Flash Forward, a pandemic project from the city of Melbourne, has transformed ugly corners of the CBD into dazzling works of art.
Some of the commissioned works have become iconic, to the point that it’s hard to imagine the city without them. How could we ever return to the neutral emptiness of Parliament Station now that we have Drez’s scintillating work at Ulster Place? The concentric rectangles of spectral blues and magenta have connotations of Op Art or light installations by James Turrell. They ingeniously invite you to dive into the network of tunnels below.
All of these artists have a keen eye for design – dead stretches of modernist walls were instantly monumentalized by inventive chromatic abstractions.
But similar things can be achieved with image-making, as with GETNUP’s illusionist blocks and faux brick at McIlwraith Place. The empress of artificial rhythm bricks is George Goodnow, whose fractured strings lessons at Tattersalls Lane will make you dizzy if you study them for too long.
These artists avoided the pitfall of simply tattooing a large wall with a pattern. Instead, they took over all of the available space to create a resonant visual architecture in counterpoint to the existing architecture.
The same logic applies to media other than painting. For example, Jarra Karalinar Steel adorned the top of a building in Goldie Place with a neon sign that read: “You are in the countryside”. This strong First Peoples sentiment is all the more powerful in embracing the corporate language of branding, affirming ownership of expensive urban real estate.
Yandell Walton’s countdown has an equally unnerving effect in Platypus Alley.

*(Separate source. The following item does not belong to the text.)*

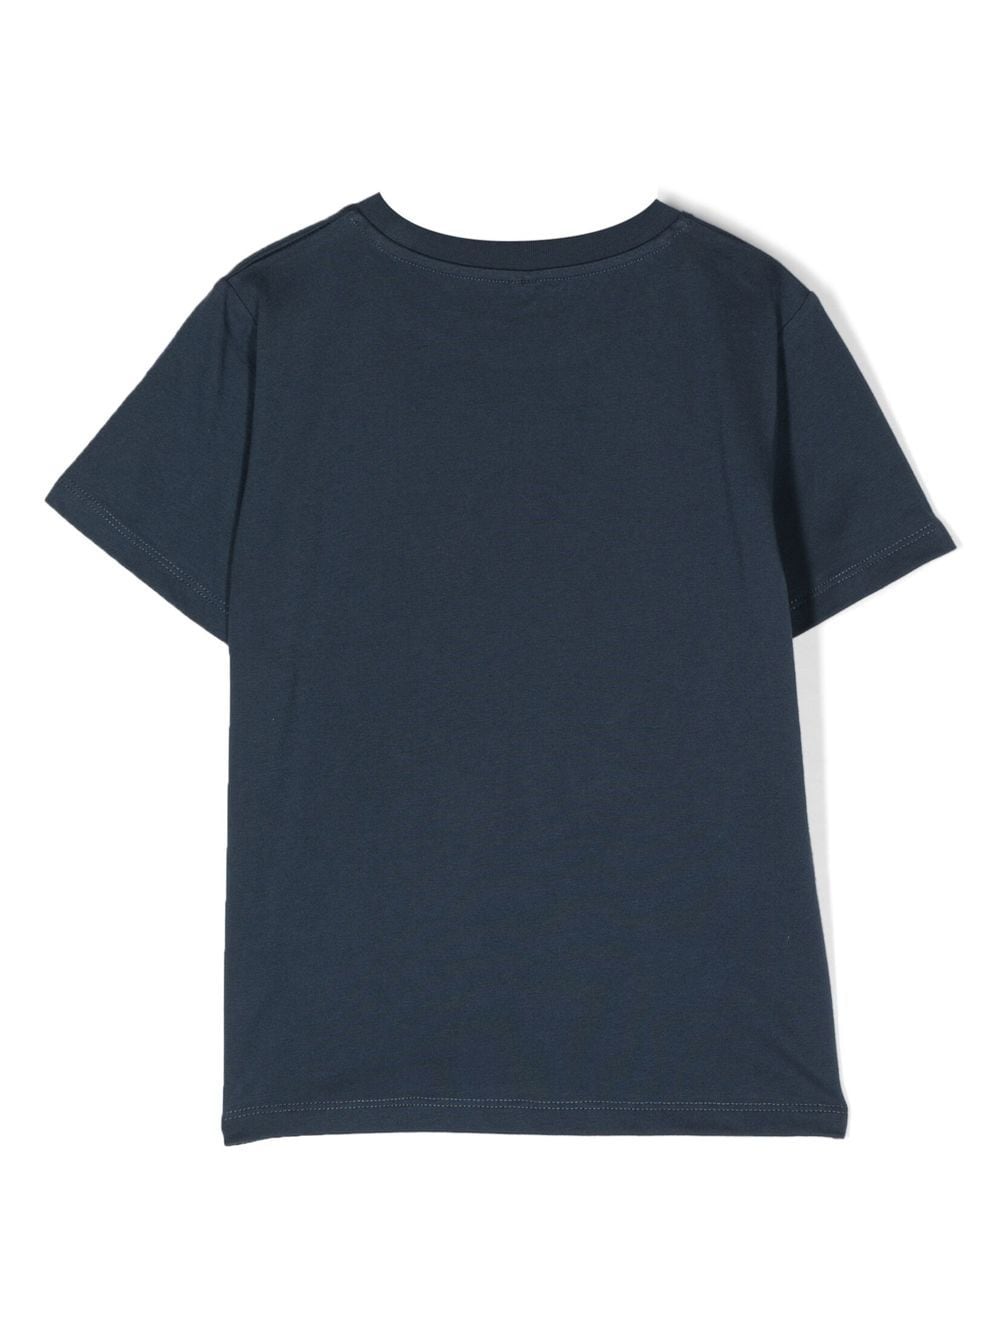 Blue children's t-shirt with logo

The display tells us the time remaining until 2030, by which time temperatures are expected to have risen by a catastrophic amount.
But not all artists work with paint or neon. Some interesting experiments treat the aisle as if it were a gallery, where exterior light boxes allow photography to flourish in an environment that would otherwise be hostile to it. Jessica Schwientek’s presentation of aisle images is excellent; and so on with the amusing illustrated paintings of Ruofan Lei in Smythe Lane.
Many works have a striking relationship with their site. I like the edge of the wall sticking out into Corrs Lane, which Sarah CrowEST marked with arrows and capital letters: “Close to the edge”. His work in Hughs Alley is equally witty; and in fact the humor is a big part of the project. Bootleg Comics’ work at Crown Place is funny in an absurd vein. Playing back the images might keep you busy longer than you imagine dragging through a dead end.
With black humour, Bacondrum takes you to a morbid work with skulls on the terminal wall of Kirks Lane. It reads “Impasse”.
Many moods and social conditions are represented. I enjoyed Prue Stevenson’s talk on autism at Little William Street. It’s the kind of assertive thing you rarely come across in a gallery.